「日本の不登校と世界の欠席者状況をデータで読み解く
国際調査と日本の調査をもとに、子どもの学習権について考えます。
第1の視点|「どれだけ休んでいるか」
・"ものさし"の違いに注意が必要
(日本は年間連続ではなく累計で30日、PISAは3か月連続で欠席した児童生徒を抽出)
・基準を厳しくそろえた場合
日本の現状は突出して多いわけではなく、日本を上回る国がいくつも並ぶ。
第2の視点|「なぜ休んでいるか」
・世界では「学校で安全だと感じられない」「退屈」といった割合が多い国が多数存在し、日本のなかでも多い理由:「無気力・不安」という点と重なる。

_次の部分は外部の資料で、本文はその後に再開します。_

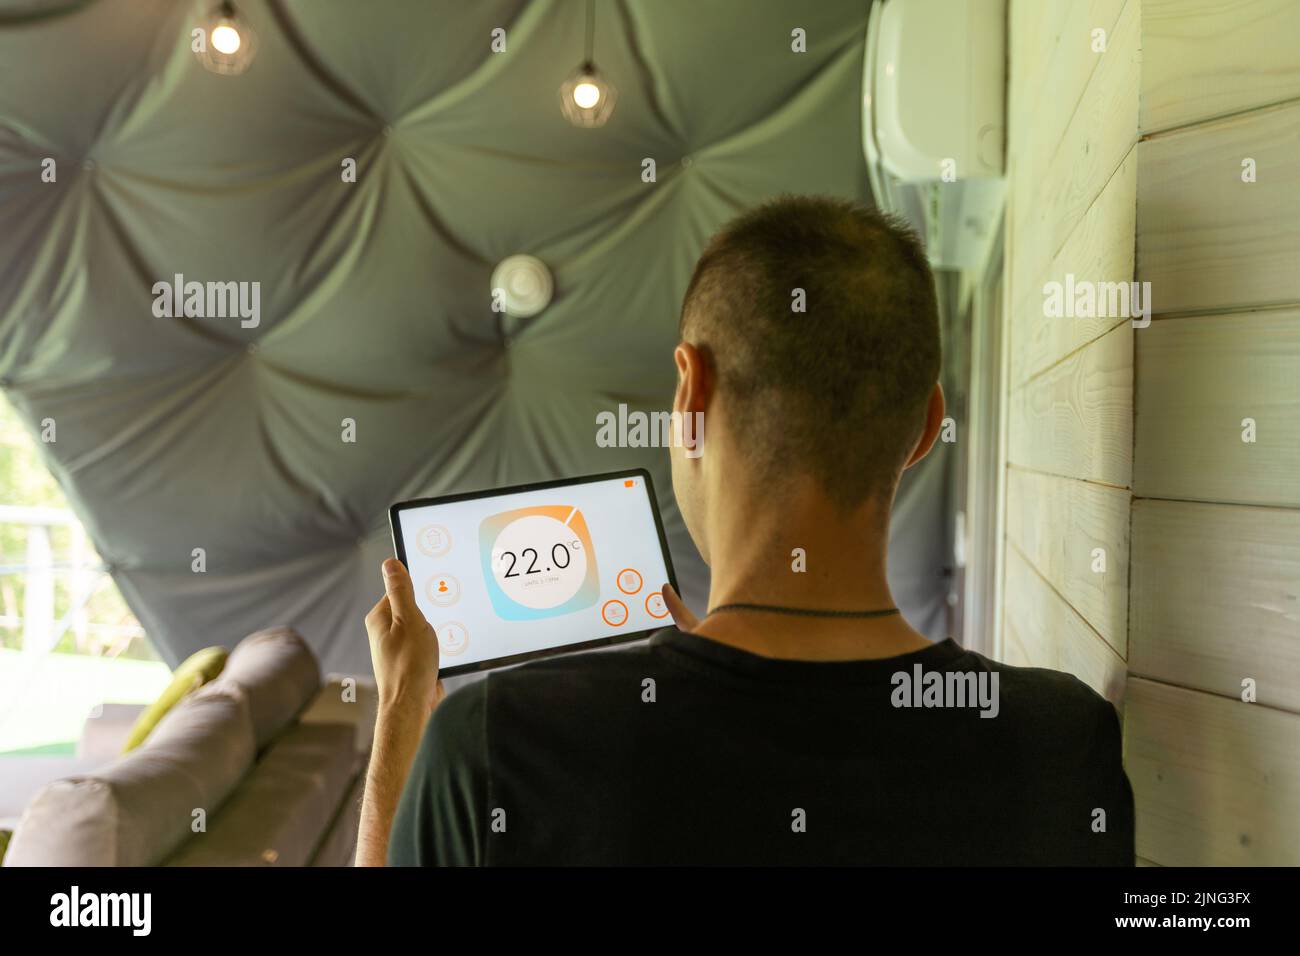 Smart home control on tablet. Interior of living room in the background Stock Photo

日本は不登校とカテゴリーをつけているが、日本だけの特殊な問題ではない。「安心できない」「意欲がわかない」という、世界中の子どもが直面しうる普遍的な課題である。
日本の最新調査では、増加率が鈍化し、新たに不登校になった子の数は減少した。世界共通の対策の手がかりに、あたたかい学校の雰囲気、「ここに居場所がある」という感覚、先生との良い関係、欠席が根づく前の早い対応があり、罰や締めつけではなく、"支えること"とある。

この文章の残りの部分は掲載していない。